Kasabian singles chronology
| "Empire" (2006) | "Shoot the Runner" (2006) | "Me Plus One" (2007) |

= Shoot the Runner =

2006 single by Kasabian

"Shoot the Runner" is a song by English rock band Kasabian and is the second track on their second album, Empire. It was released on 6 November 2006 as the second single from that album in the United Kingdom, peaking at No. 17 in the UK Singles Chart.

== Composition ==
The song is in 4/4 swing time and is the band's first song to feature both Tom Meighan and Sergio Pizzorno on lead vocals. Meighan sings the chorus, starting with the lines 'Shoot the runner, shoot shoot the runner/I'm a king and she's my queen' while Pizzorno sings the other parts (starting with the line 'Dream, dream again in your way/Always knew that you would). However, in some acoustic performances, the two vocalists swap parts.

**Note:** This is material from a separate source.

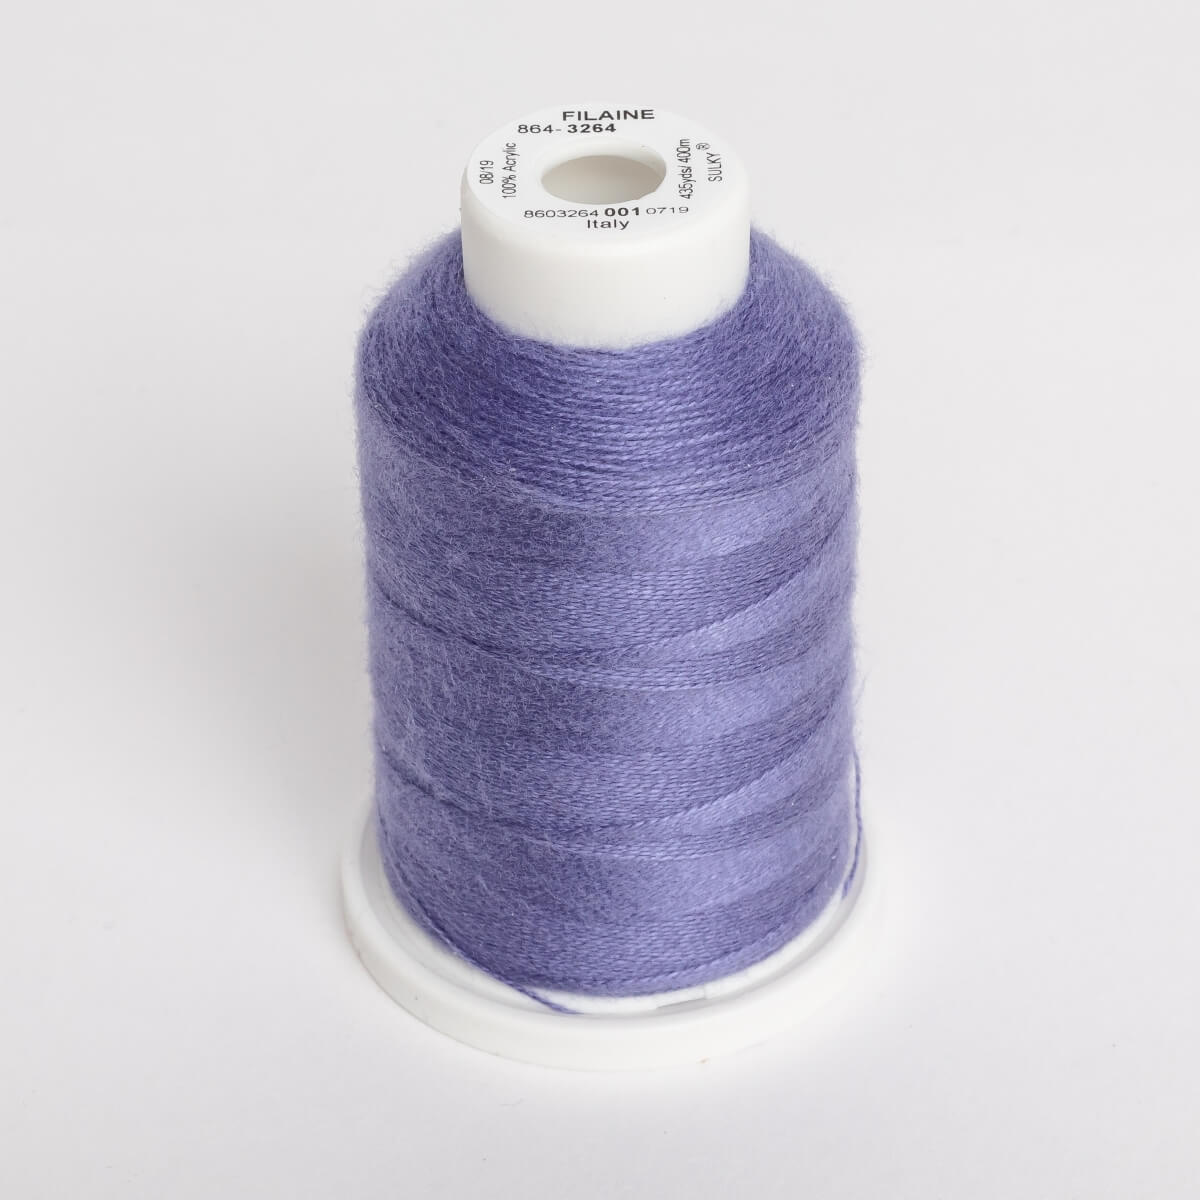 SULKY FILAINE 12, 400m Maxi Spulen - Farbe 3264 Violet

It is also the band's first single to feature profanity, and therefore 'bitch' was censored on radio edits.

== Use in media ==
"Shoot The Runner" was released as downloadable content on Guitar Hero III: Legends of Rock with the 3-song pack and for the Rock Band series on September 23, 2008. This song is also included in the Saints Row 2 soundtrack. It is also featured in the Sports spoof movie The Comebacks. It is prominently heard in the Gameloft crime video game Gangstar Vegas, where it is one of the songs in the fictional radio station The Knife 87.8. It is also featured in CSI: Crime Scene Investigation. The song is also played in the build up to Leicester City home matches at King Power Stadium, owing to the band's connection to the City and Football Club.

==Music video==
The music video was directed by Alex & Martin (best known for their work on the video for The White Stripes' "Seven Nation Army"), and is similar in style to the music video for Queens of the Stone Age's "Go with the Flow" except more colourful; it features animation made by rotoscoping the band members.

==Personnel==
- Kasabian
- Tom Meighan – vocals
- Sergio Pizzorno – vocals, guitar, synths
- Chris Edwards – bass
- Ian Matthews – drums

- Additional musicians
- Nick Attwood – trombone
- Craig Crofton – saxophone

==Track listings==
- 2-track CD PARADISE43 / 886970215725
1. "Shoot the Runner" – 3:27
2. "Pictures of Matchstick Men" (Status Quo cover) - 4:06
- 10" PARADISE45 / 886970215619
3. "Shoot the Runner" – 3:27
4. "Shoot the Runner" (Shakes Remix)
- DVD PARADISE46 / 886970215725
5. "Shoot the Runner" – 3:27
6. "Stay Away from the Brown Acid (Part 1)"
7. Audio of Live 4Music Presents
8. "Shoot the Runner" (video)
9. "Shoot the Runner" (video offline excerpt)

==Certifications==

| Region | Certification | Certified units/sales |
| United Kingdom (BPI) | Gold | 400,000^{‡} |
^{‡} Sales+streaming figures based on certification alone.